PROVIDED MATERIAL:
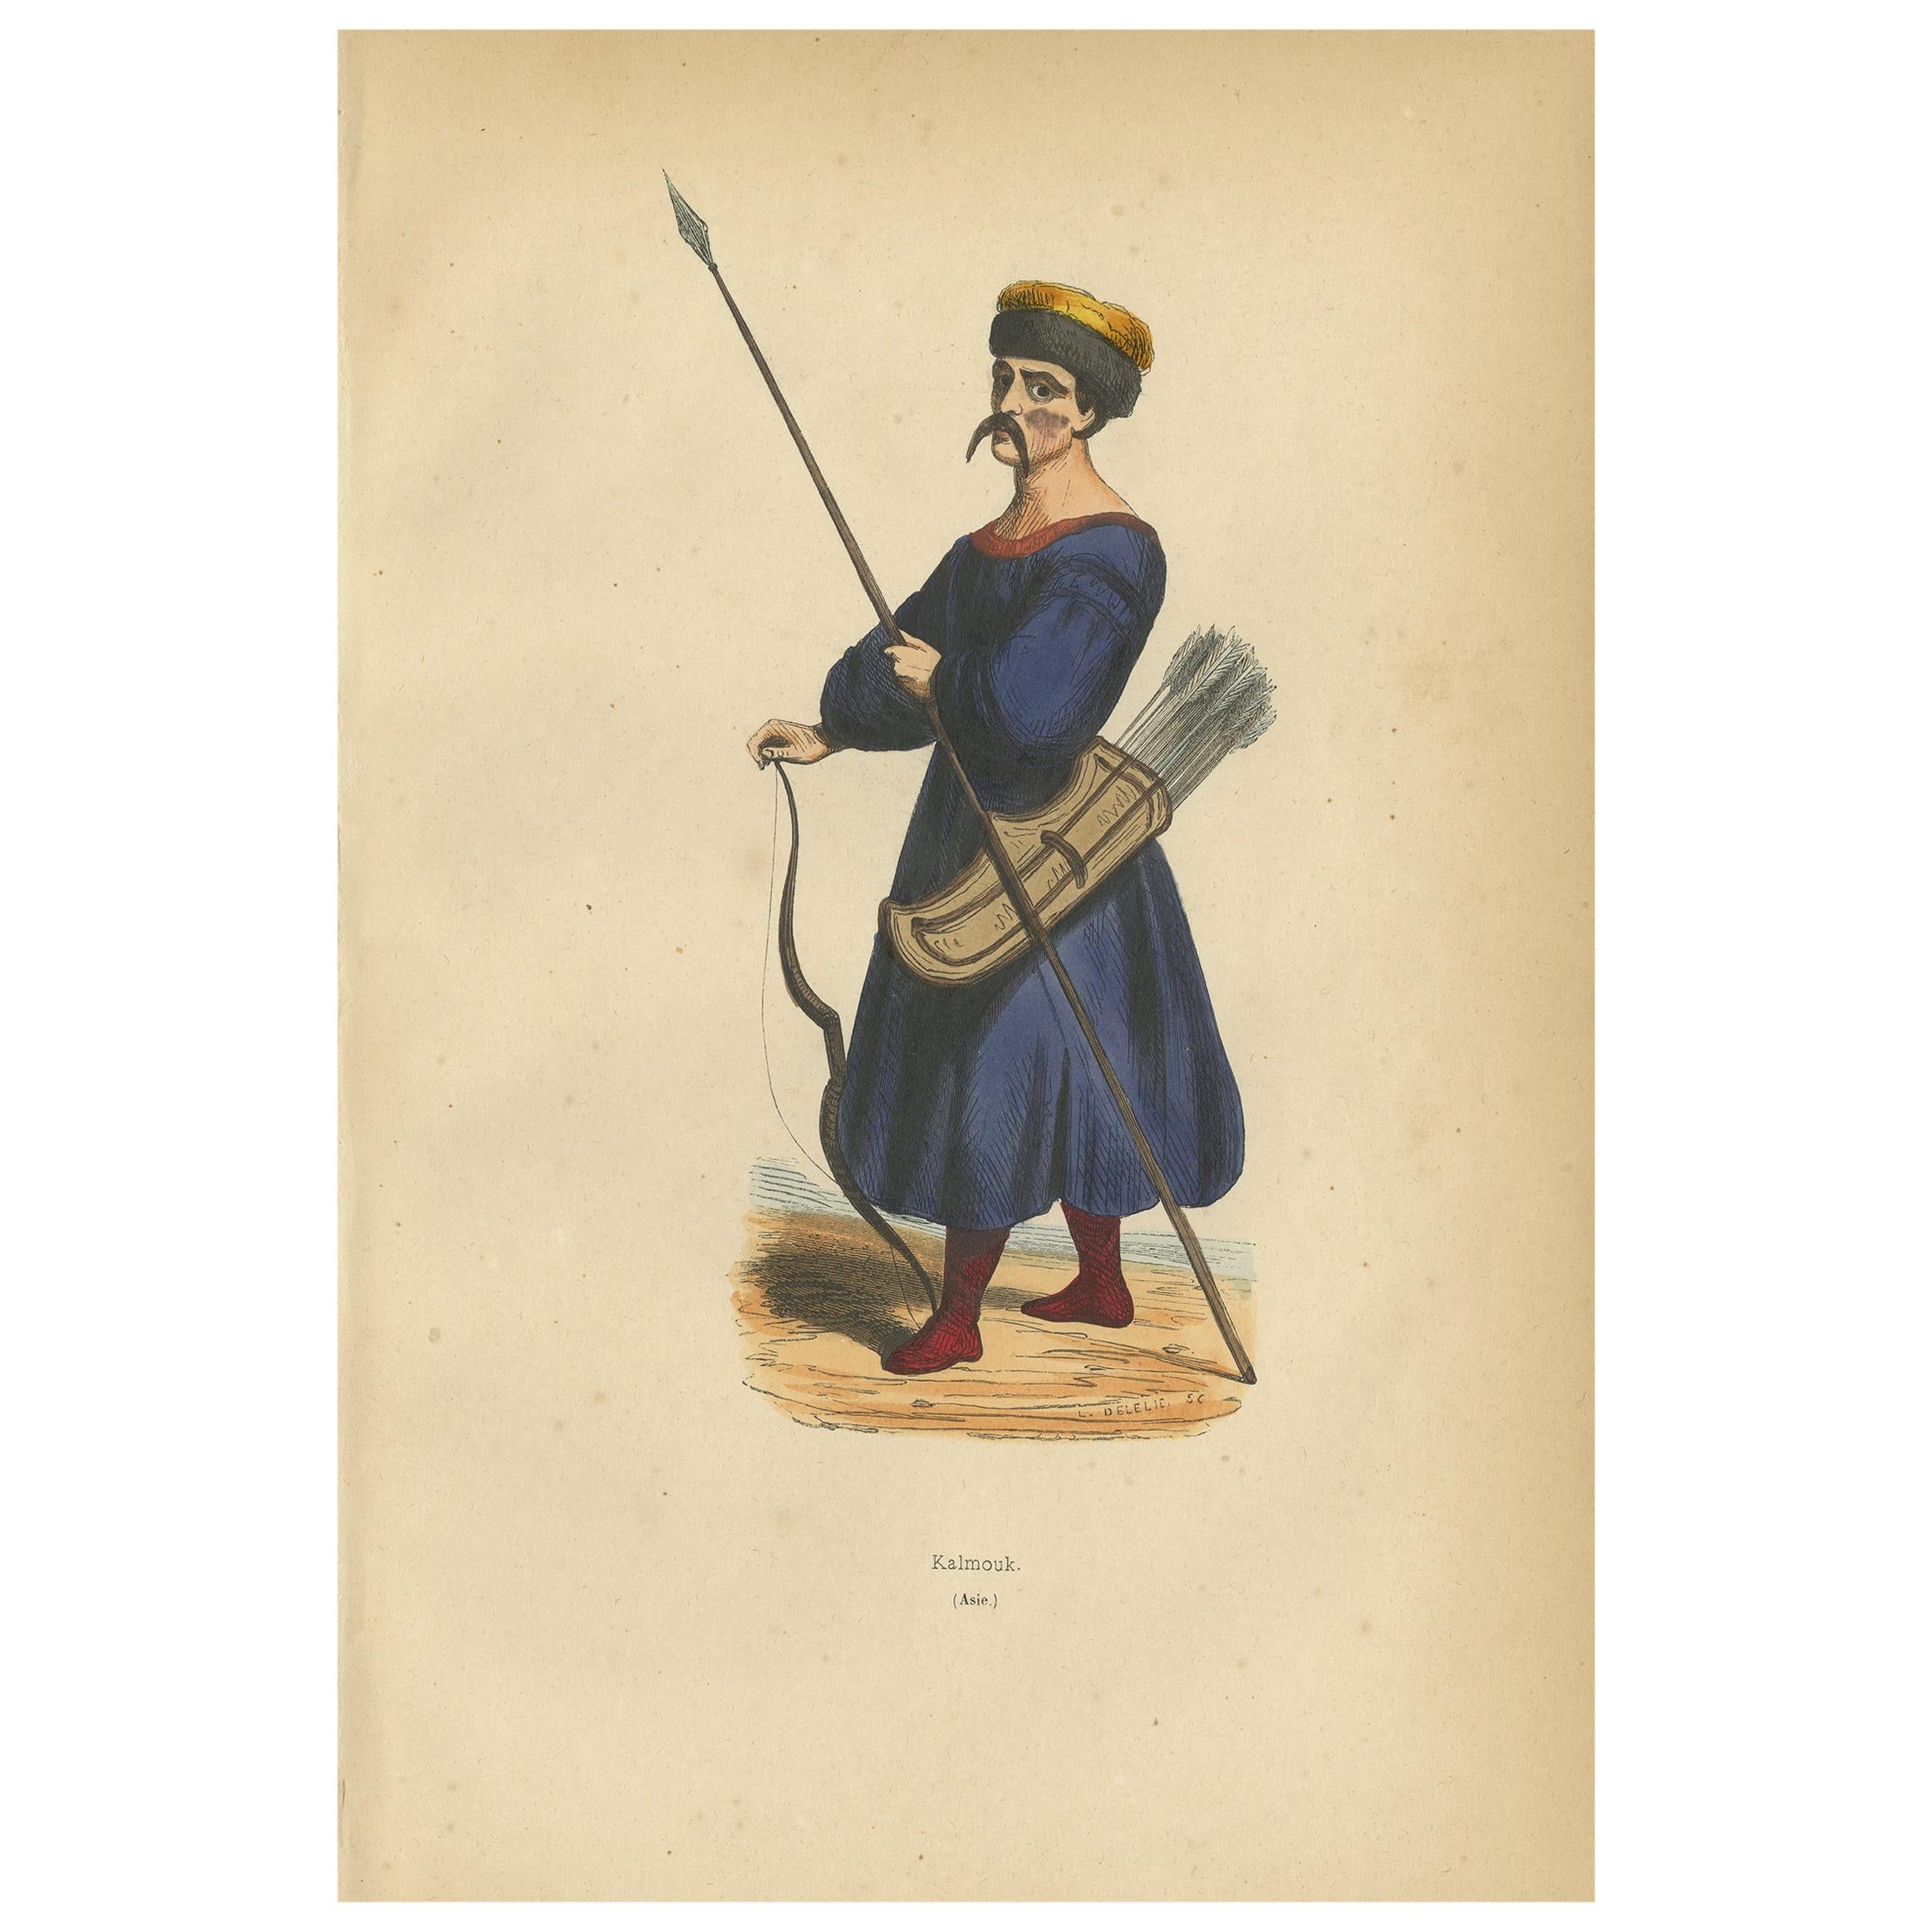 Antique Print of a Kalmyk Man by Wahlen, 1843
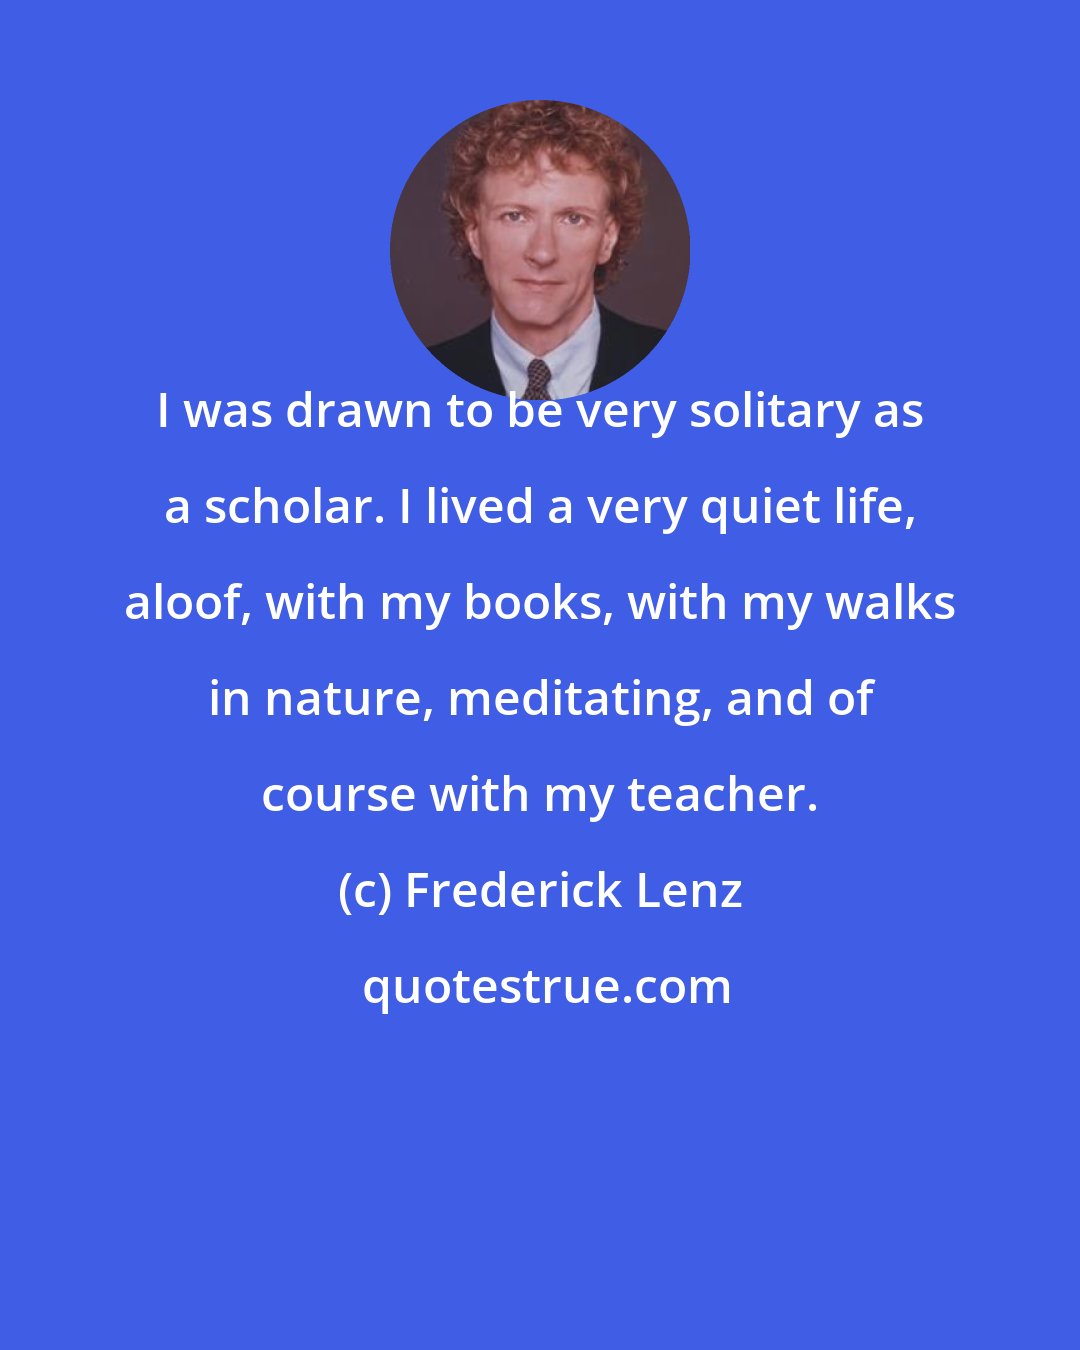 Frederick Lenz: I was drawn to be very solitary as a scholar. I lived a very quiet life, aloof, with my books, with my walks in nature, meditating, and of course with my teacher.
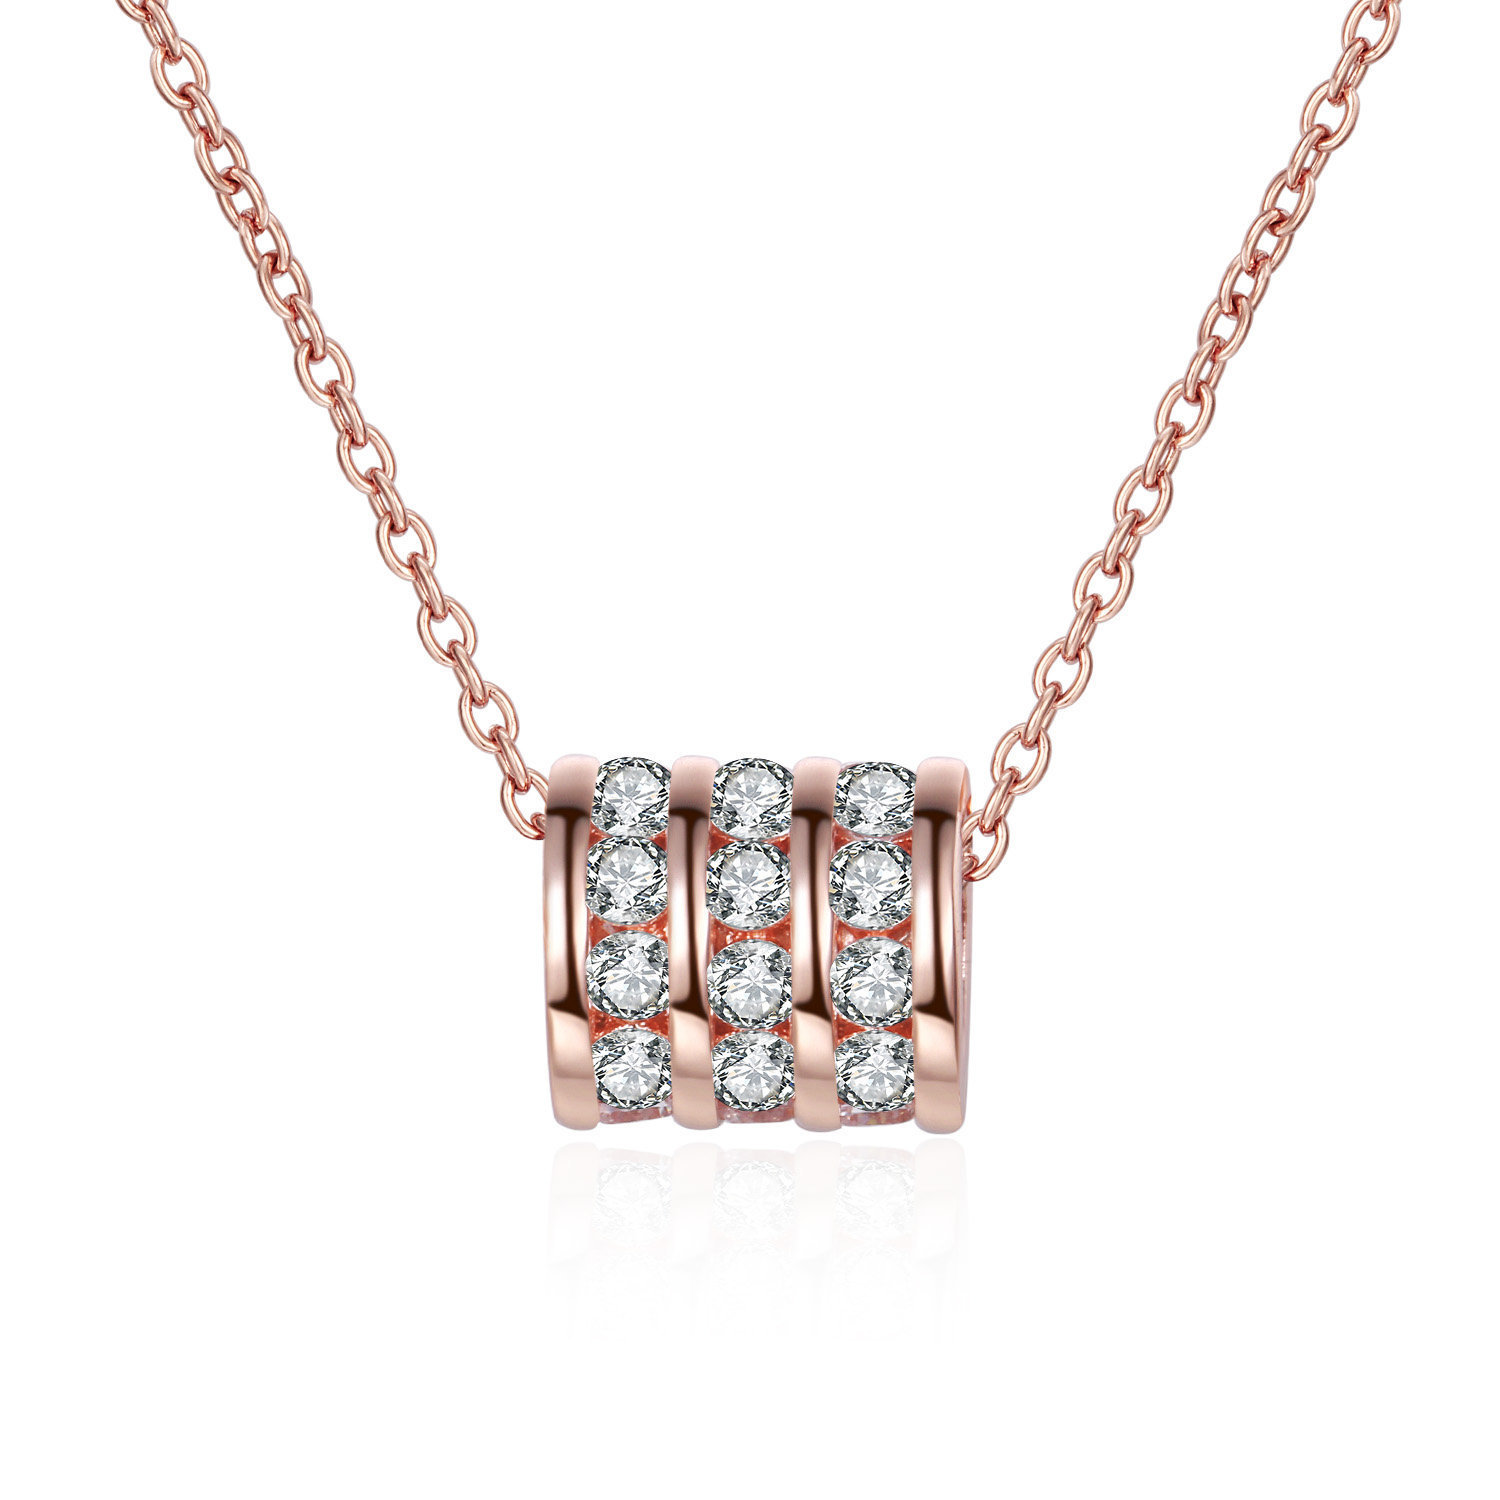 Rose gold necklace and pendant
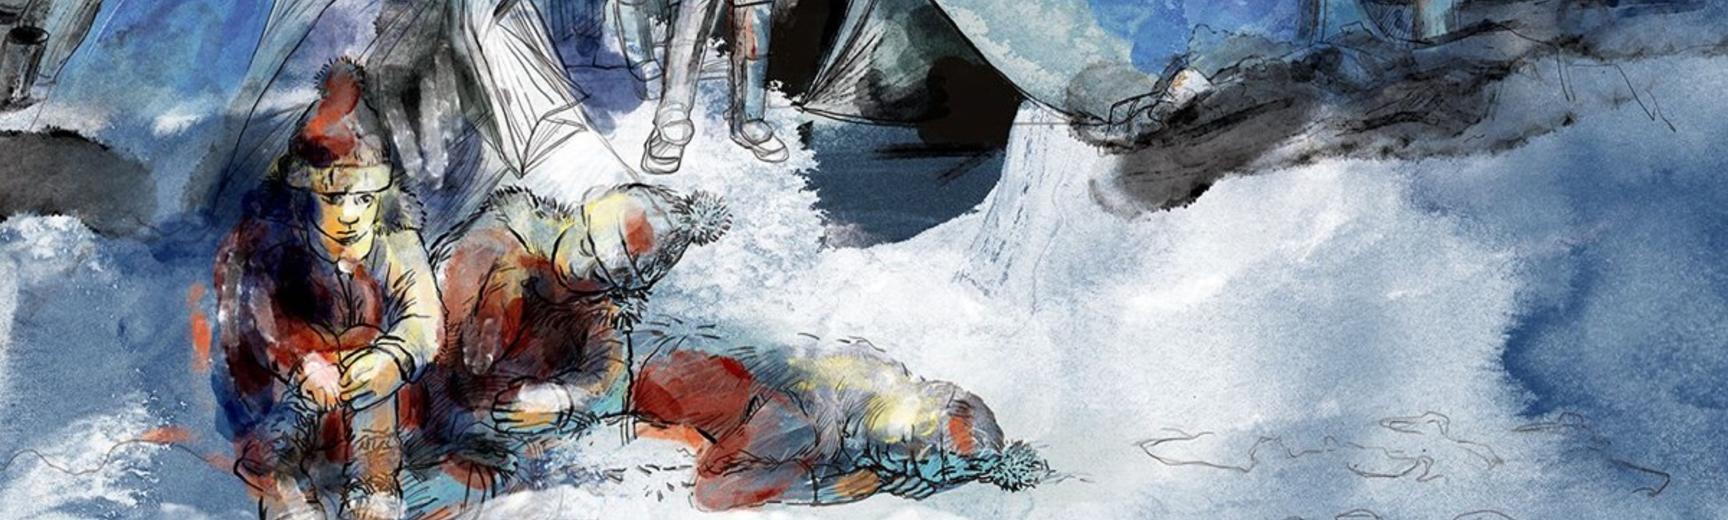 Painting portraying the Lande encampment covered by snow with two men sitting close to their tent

EXERCISE REQUIREMENTS:
Omit the pictures and repeat the rest of the listing verbatim.

YOUR SOLUTION:
 Antique Print of a Kalmyk Man by Wahlen, 1843
 Frederick Lenz: I was drawn to be very solitary as a scholar. I lived a very quiet life, aloof, with my books, with my walks in nature, meditating, and of course with my teacher.
 Rose gold necklace and pendant
 Painting portraying the Lande encampment covered by snow with two men sitting close to their tent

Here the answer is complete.